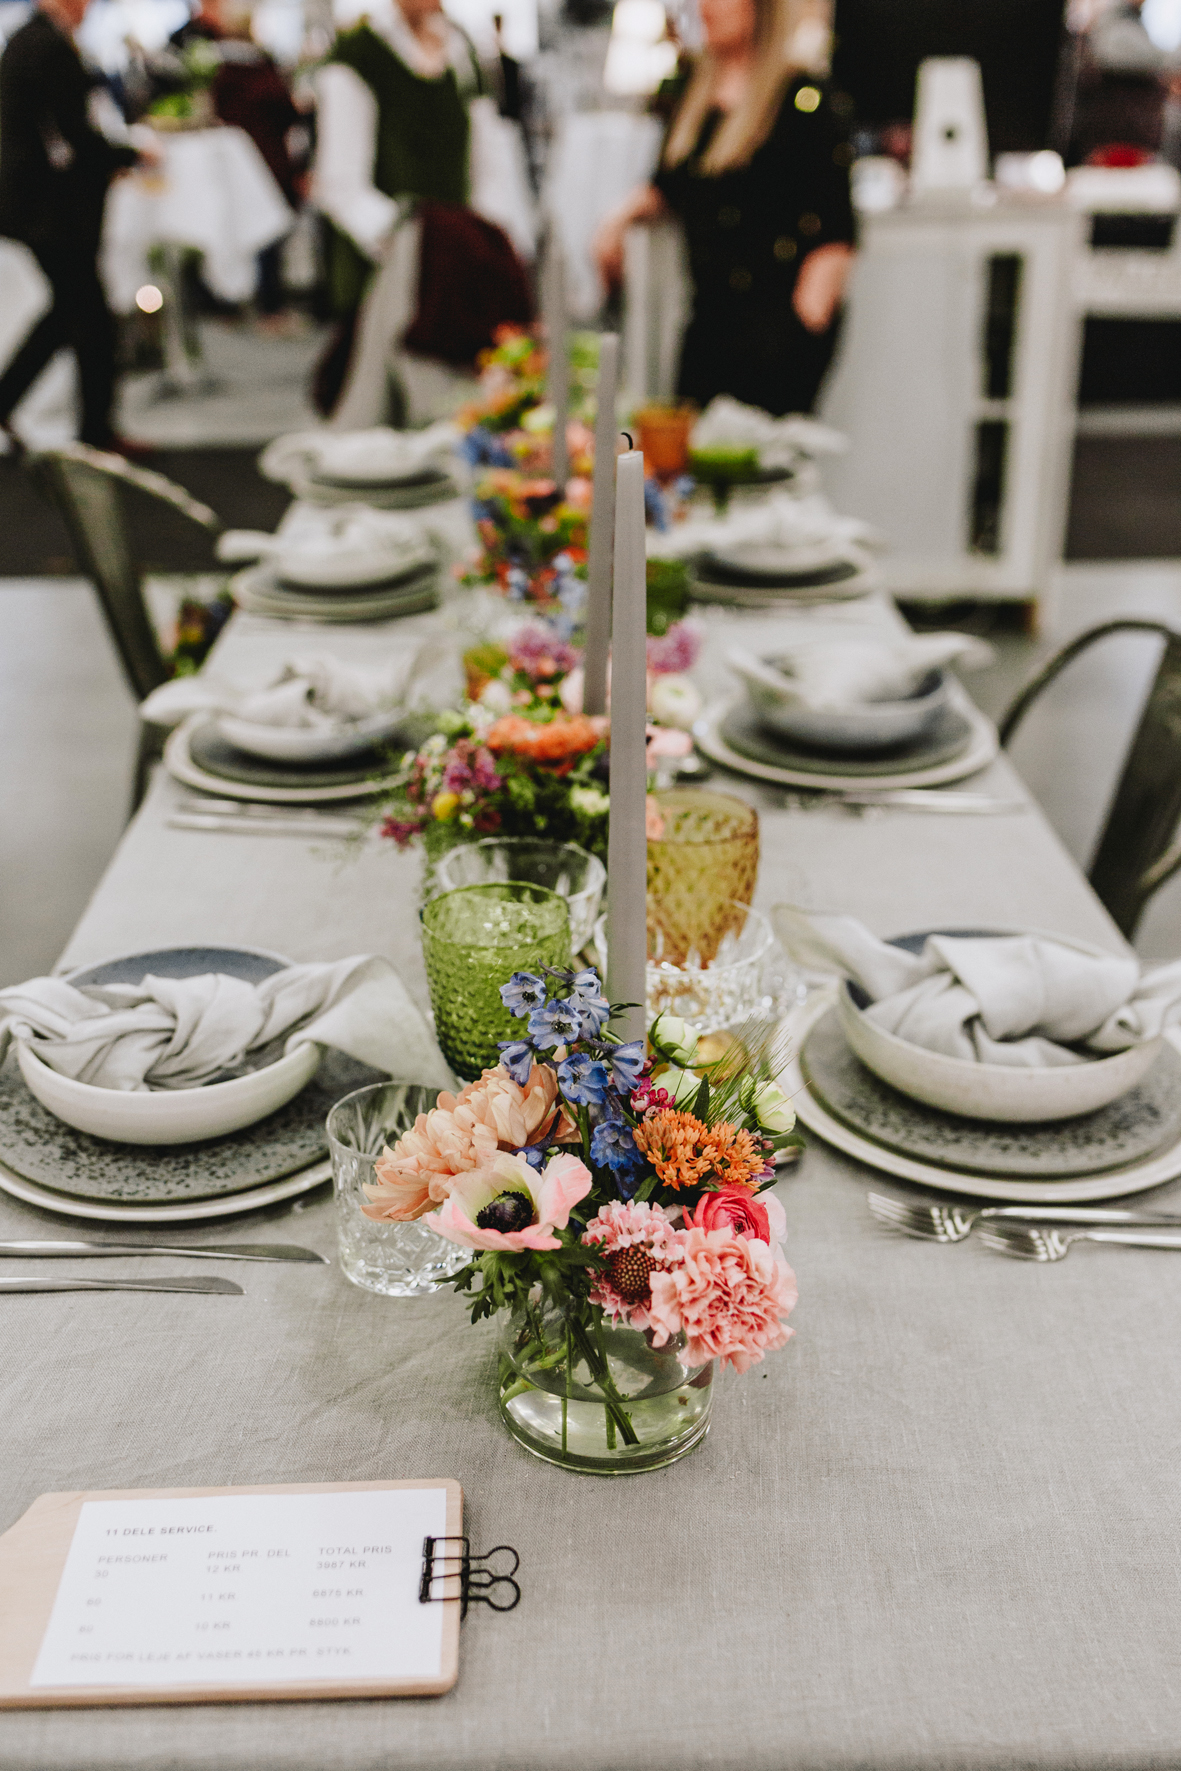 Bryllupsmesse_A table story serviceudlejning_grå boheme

○ ○ ○ ○ ○

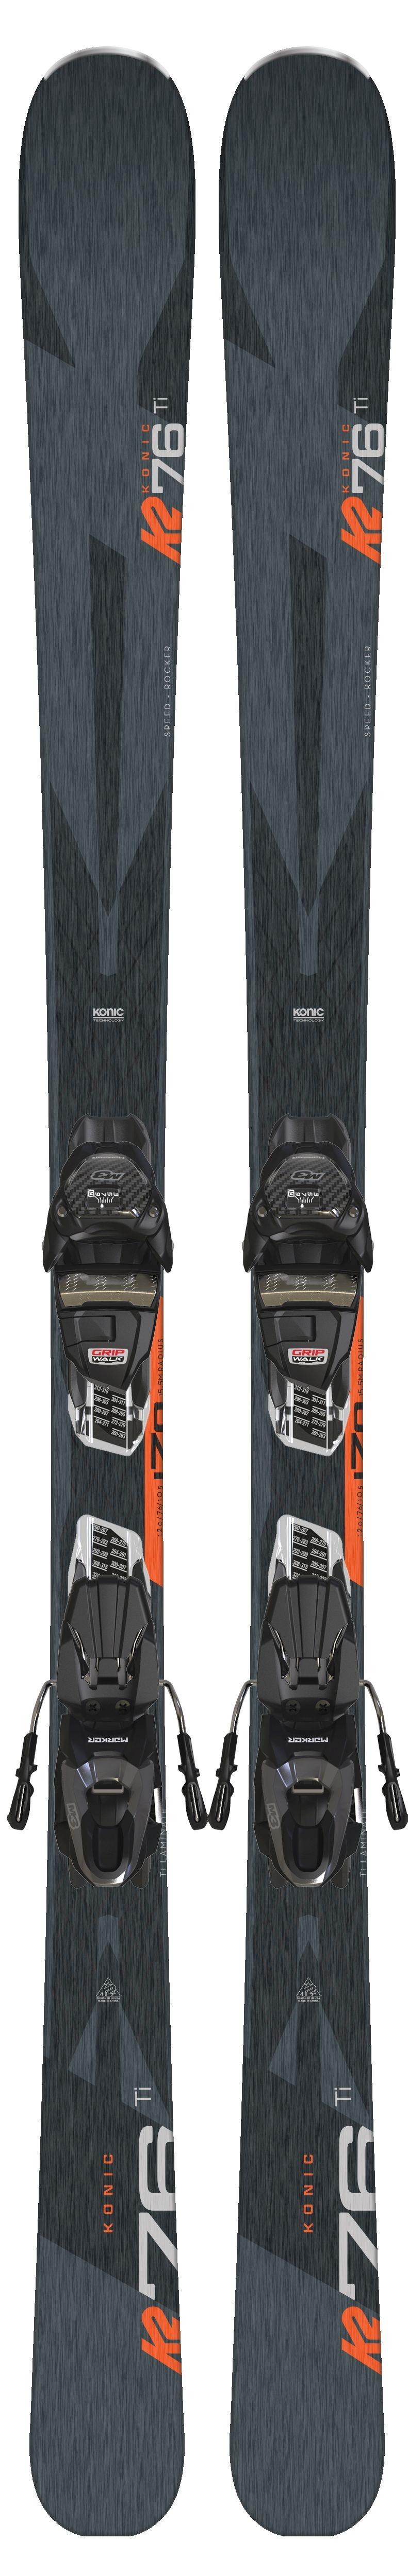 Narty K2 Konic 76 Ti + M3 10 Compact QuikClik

○ ○ ○ ○ ○

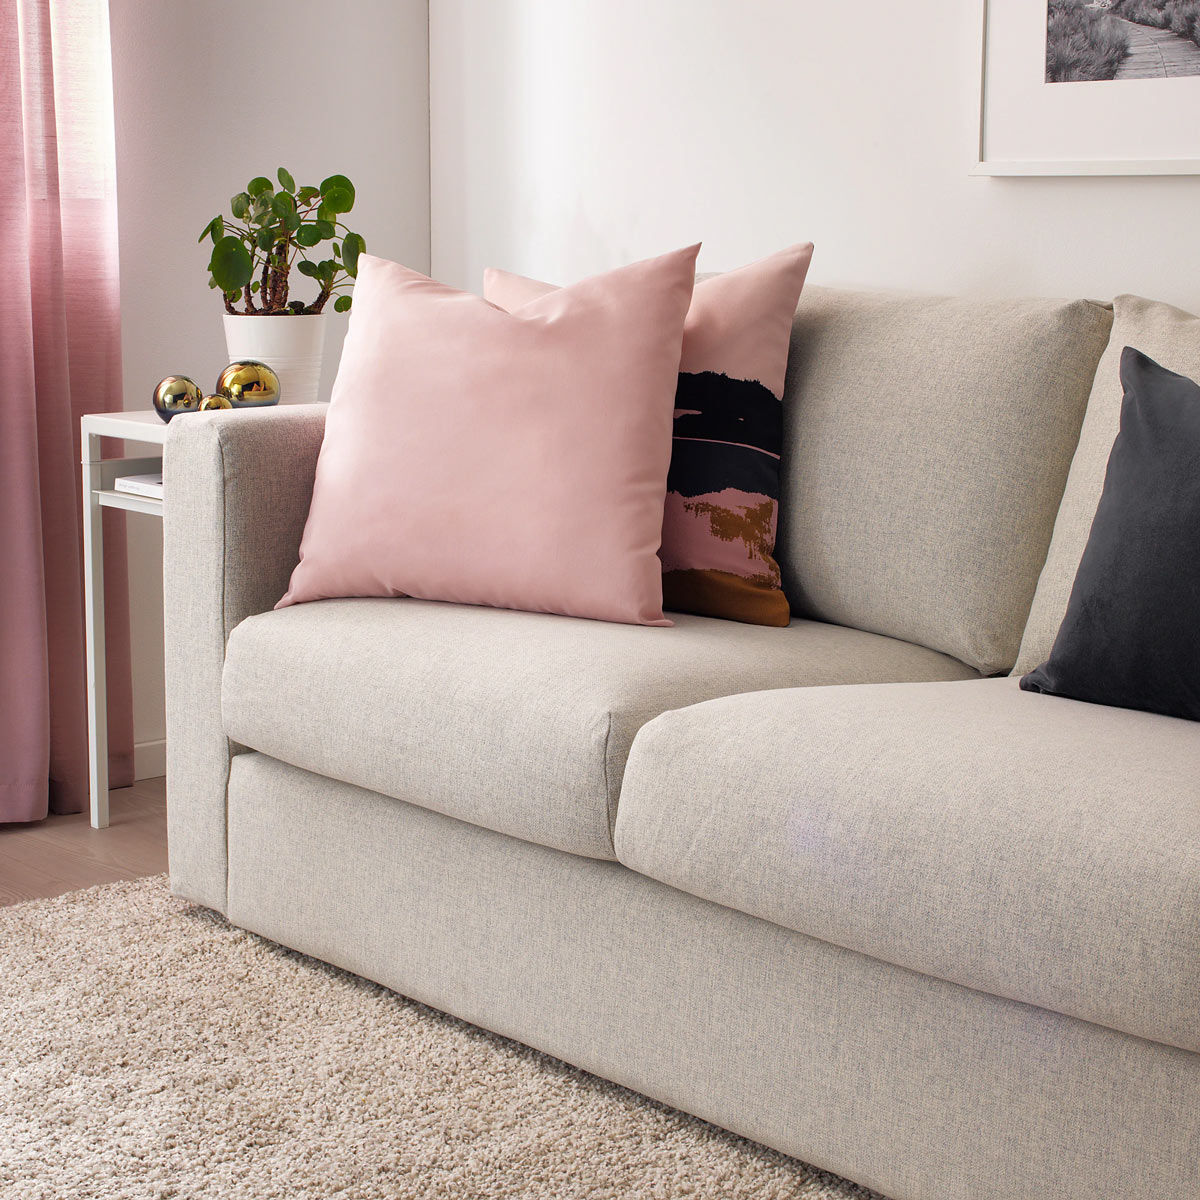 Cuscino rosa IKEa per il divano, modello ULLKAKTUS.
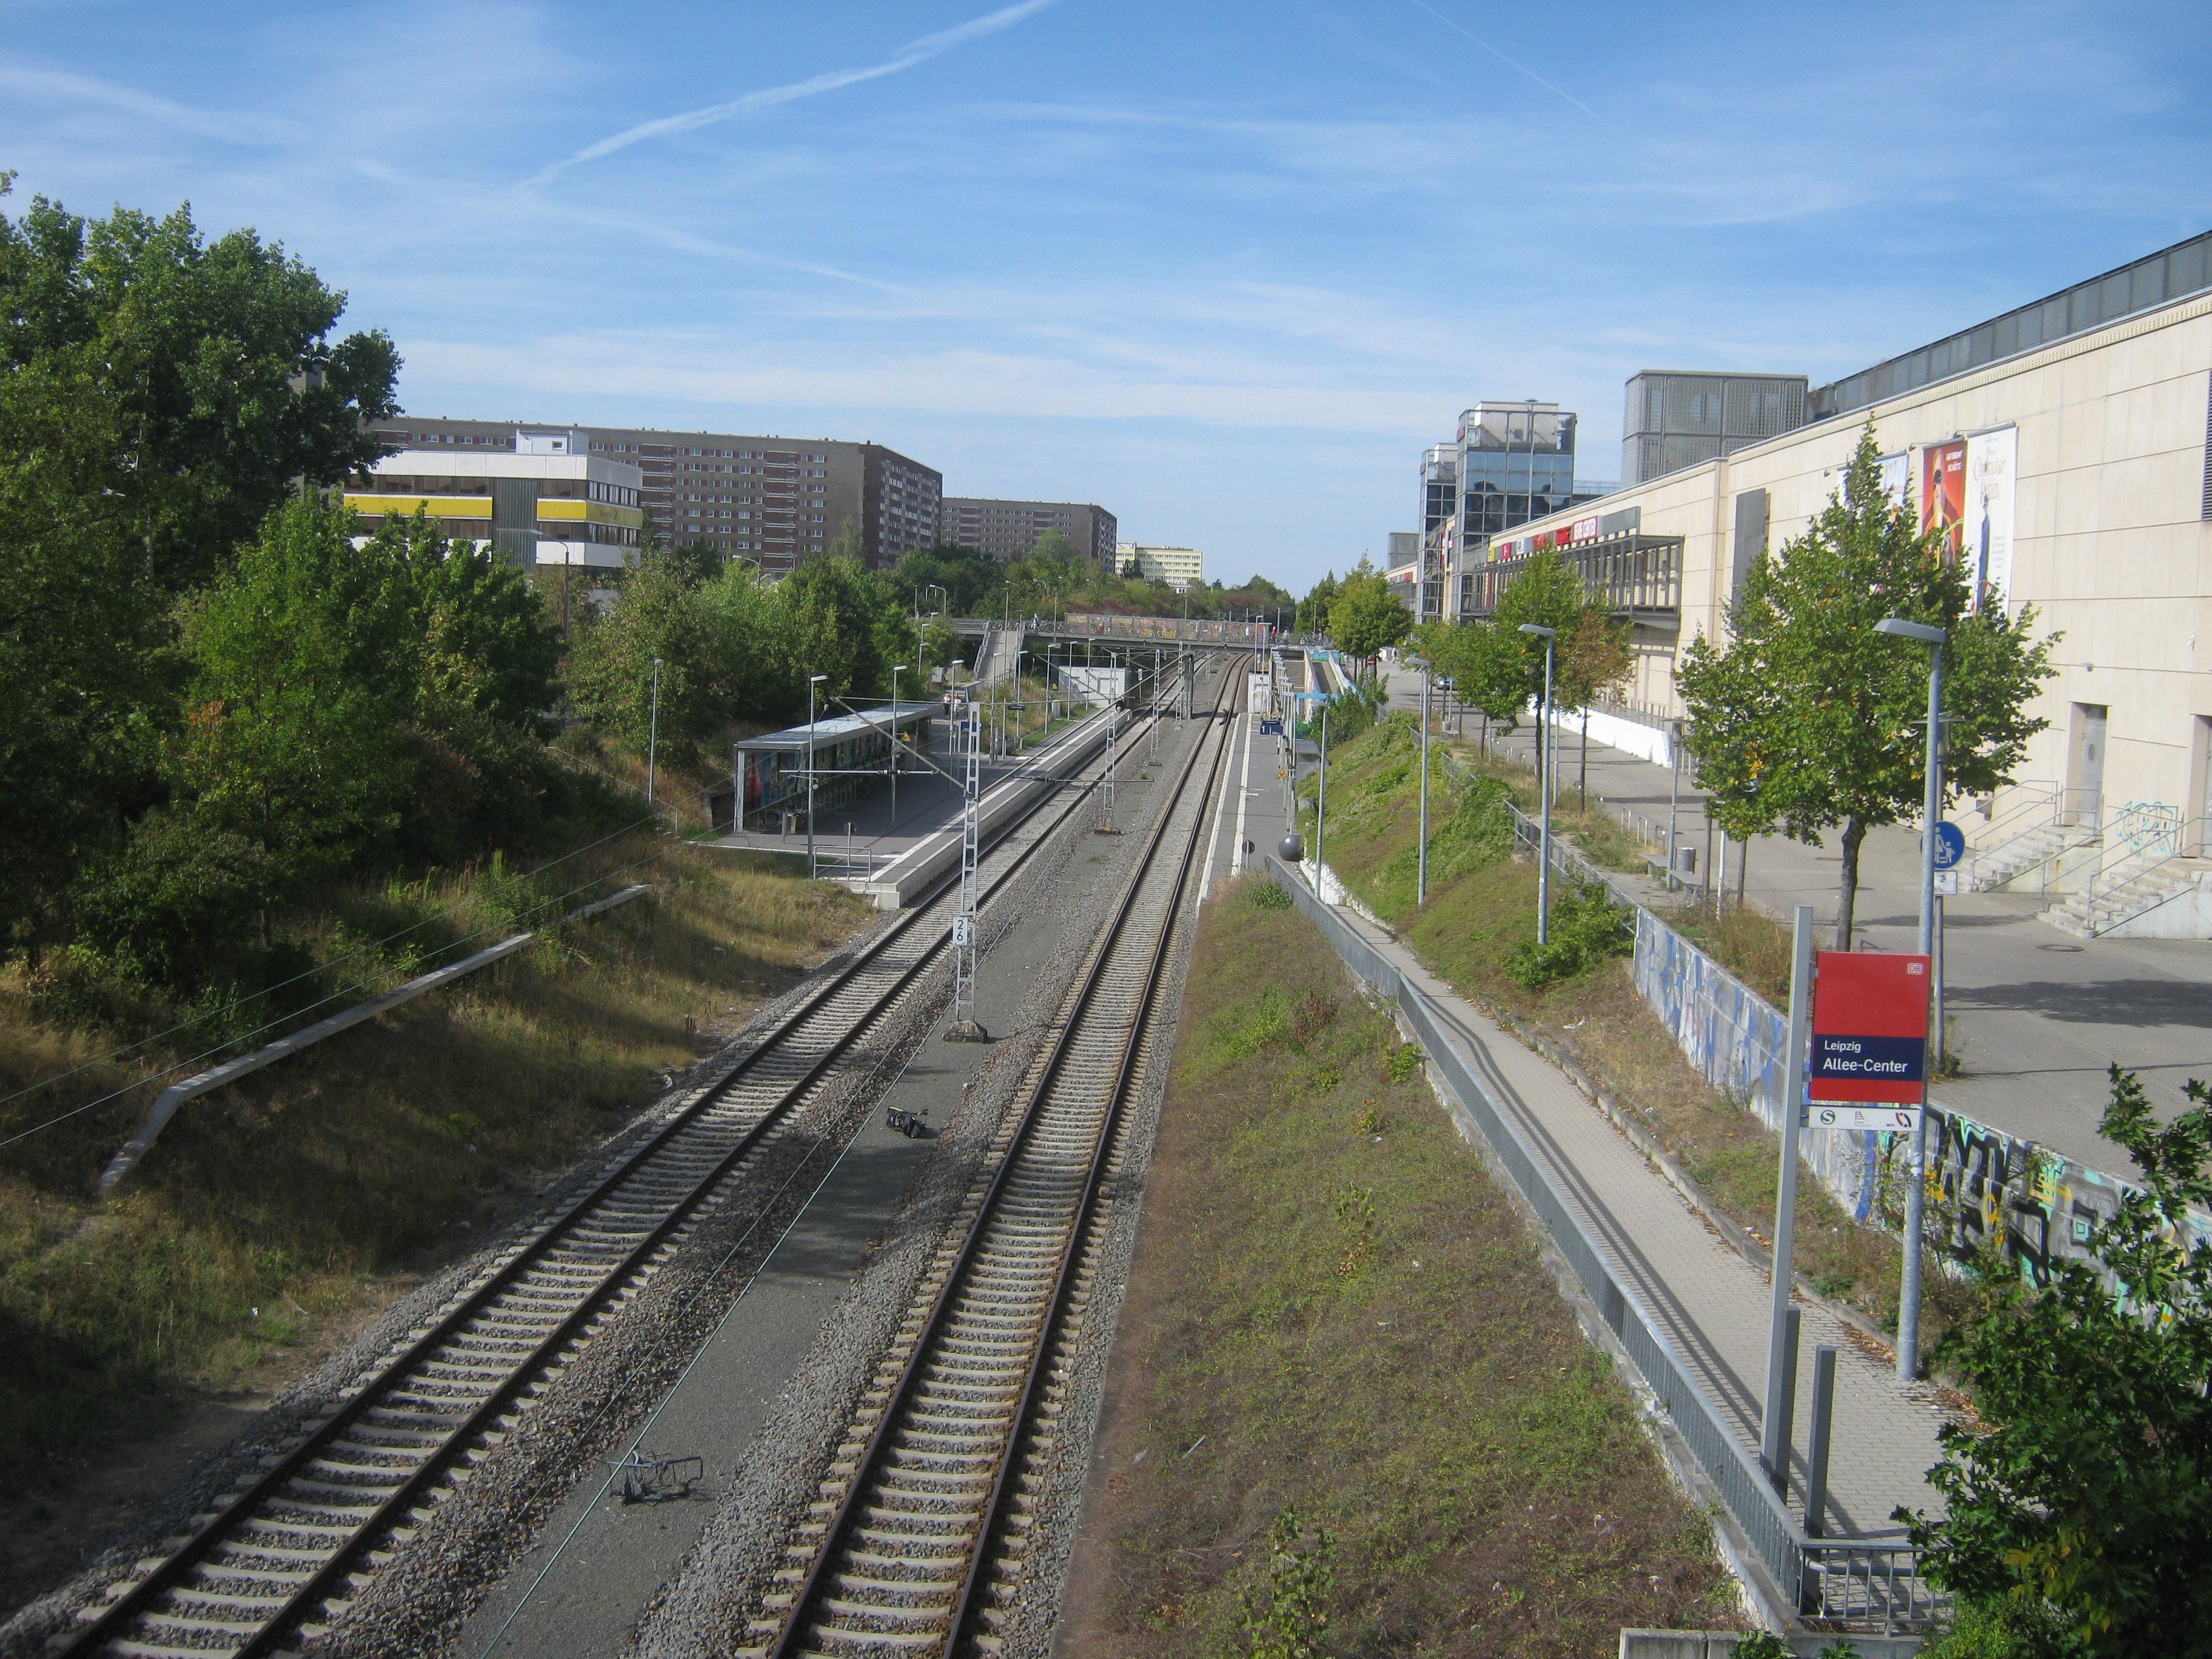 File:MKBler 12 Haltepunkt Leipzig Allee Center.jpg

○ ○ ○ ○ ○

• _Directions for this task_
Look above for the line with "Cuscino rosa IKEa", then give again exactly every line from there through the line with "File:MKBler 12 Haltepunkt", skipping the pictures.

• _Output for this exercise_
 Cuscino rosa IKEa per il divano, modello ULLKAKTUS.
 File:MKBler 12 Haltepunkt Leipzig Allee Center.jpg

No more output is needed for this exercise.